There’s a convenient map (though only for Europe) as well as the full Foreign Service Institute language difficulty ranking list. I have to say, based on my own attempts to learn languages it’s pretty accurate — Arabic was definitely the hardest I tried (and I never got very far). Thanks, Jonathan!

Slightly Less Maroon.

My brother gave me Belinda Bauer’s new crime novel Snap, set in the southwest of England (Tiverton and nearby parts of Devon, to be precise), and at one point a policeman is investigating a burglary — a family has come back from vacation to find their house not only burgled but despoiled — and the irate paterfamilias is complaining about insurance companies: “Always looking for ways not to pay you.” The scene continues:

‘Well, you’ve done the right thing leaving everything as it was for us to see, Mr Passmore. I’ll be giving you a crime reference number for the insurance claim.’

‘Thanks.’ Passmore nodded, slightly less maroon.

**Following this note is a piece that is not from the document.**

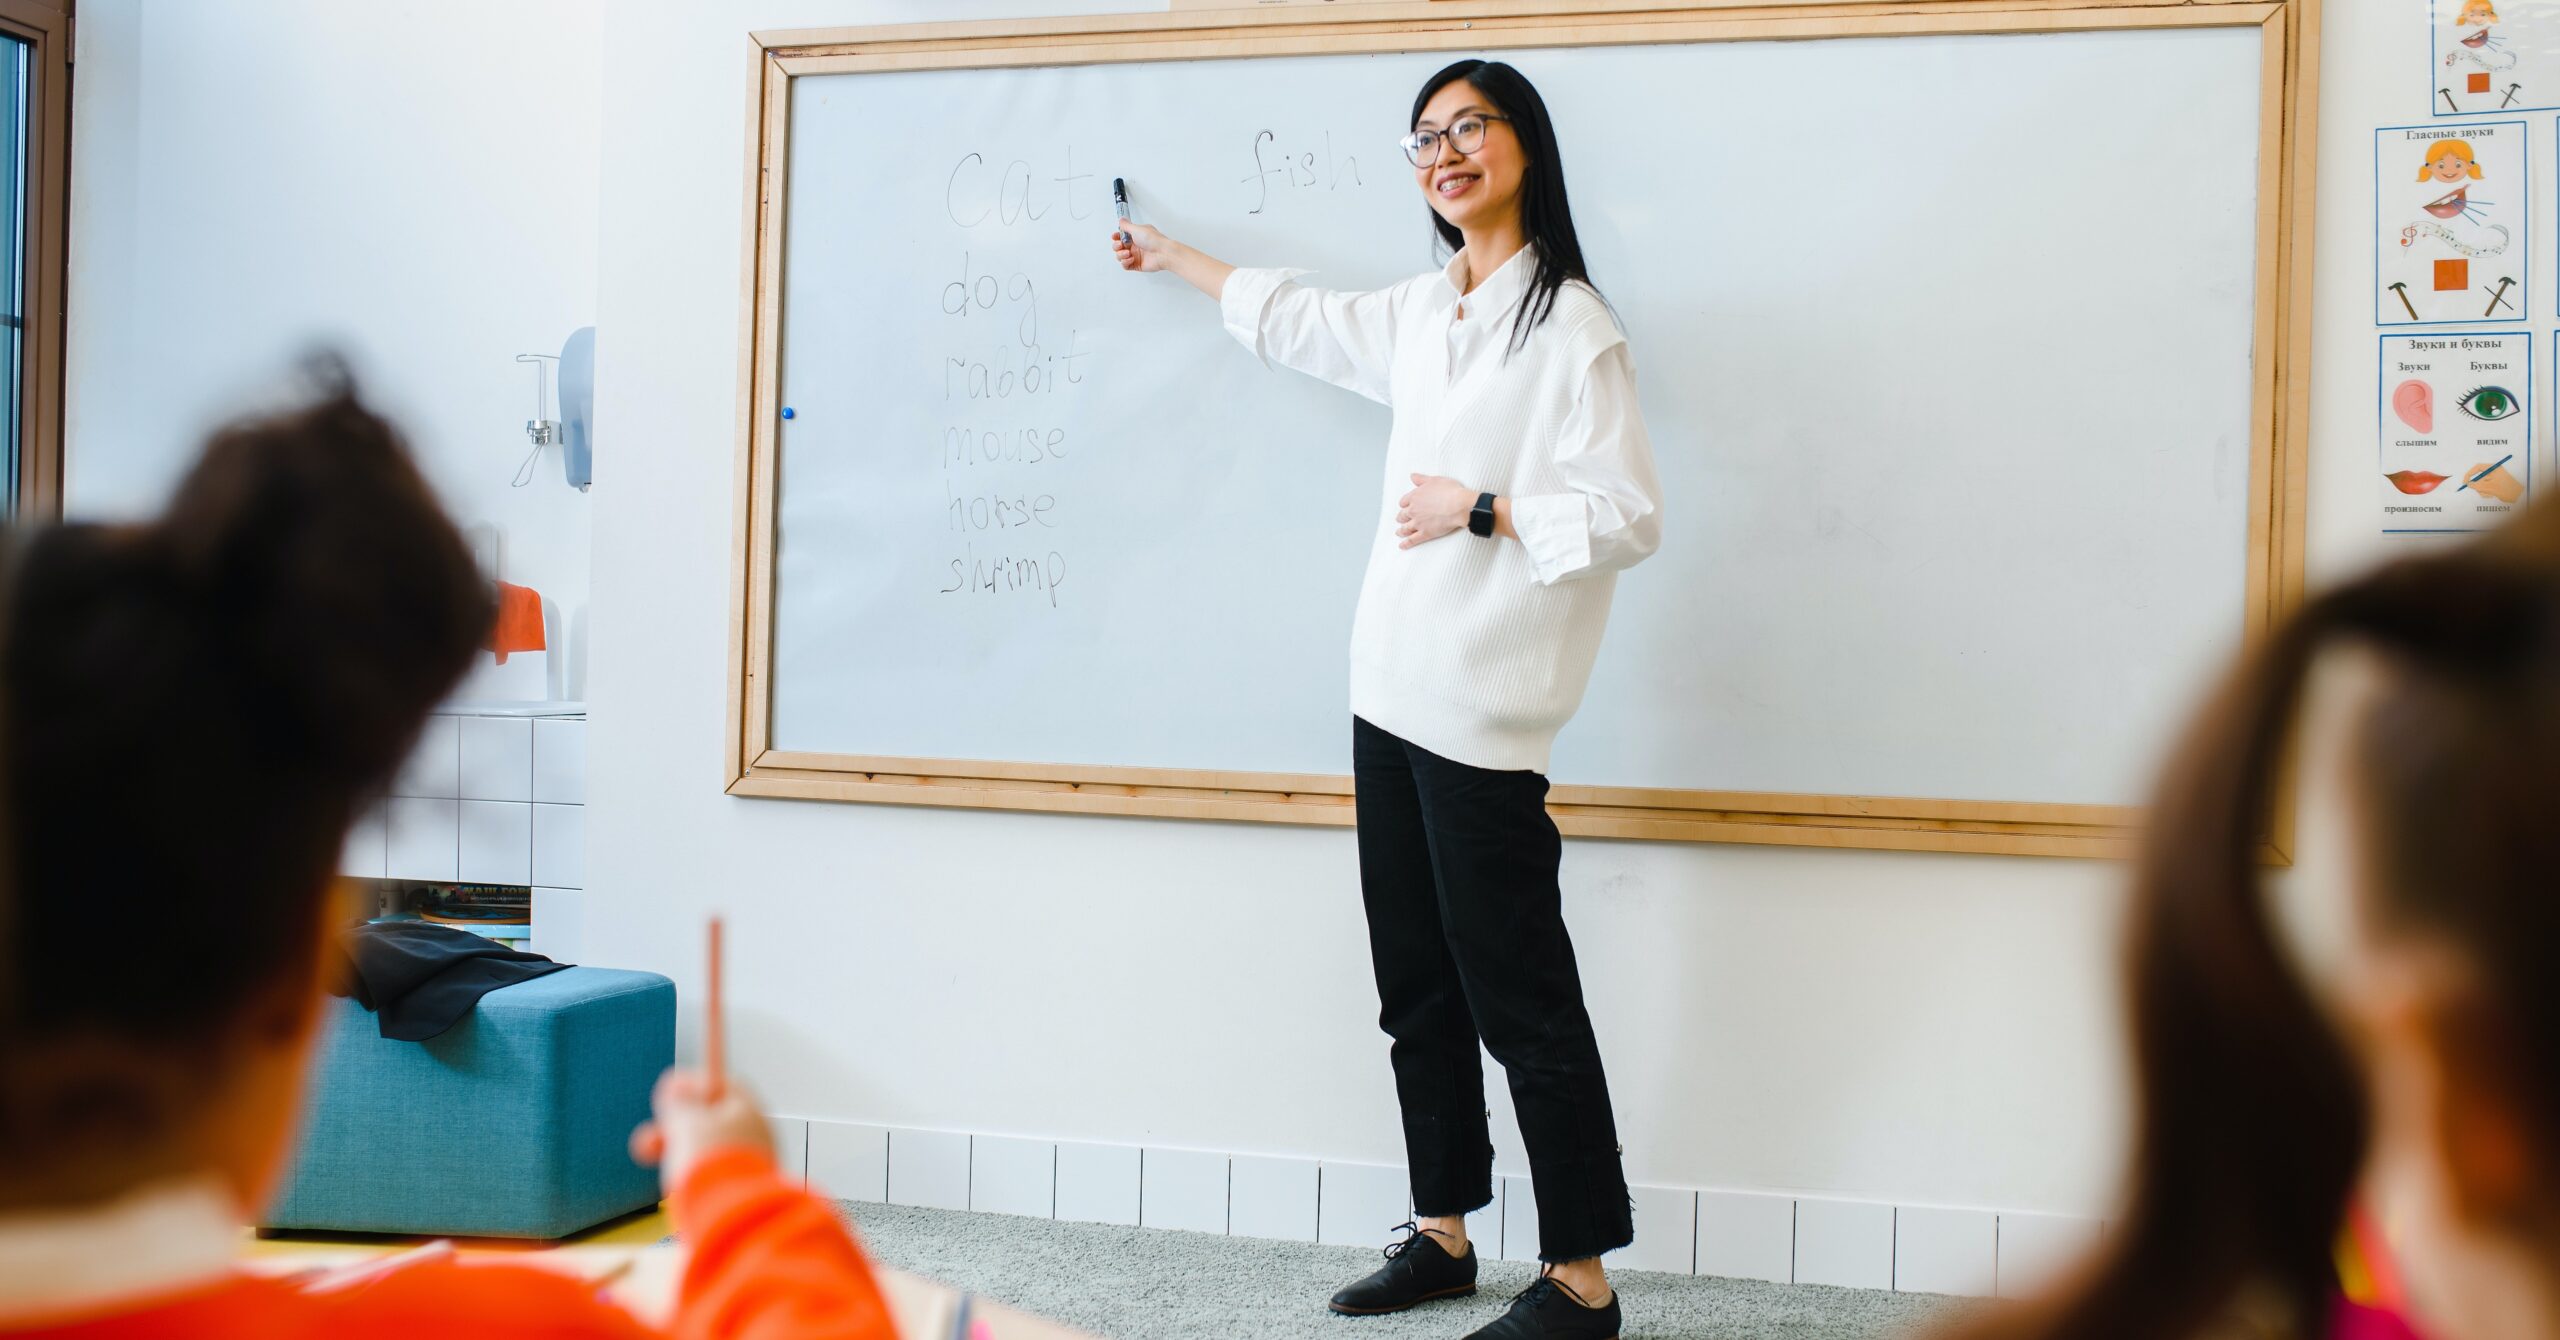 <p>If you enroll in a teacher residency program in California, not only will you be able to earn your MAT in a year and gain invaluable teaching experience, you’ll help address the state’s teacher shortage.</p>

I was taken aback by this unexpected use of maroon, which means a number of things but not, as far as I can tell, anything like ‘upset.’ Is this a slang/dialect UK thing?

Also, the Wikipedia article on Tiverton (linked above) refers to its “medieval town leat“; this dialect word for an artificial watercourse or aqueduct was new to me, and I find it pleasing; Wikipedia sez:

According to the Oxford English Dictionary, leat is cognate with let in the sense of “allow to pass through”. Other names for the same thing include fleam (probably a leat supplying water to a mill that did not have a millpool). In parts of northern England, for example around Sheffield, the equivalent word is goit. In southern England, a leat used to supply water for water-meadow irrigation is often called a carrier, top carrier, or main.

I’m not sure which I like better, fleam, goit, or leat.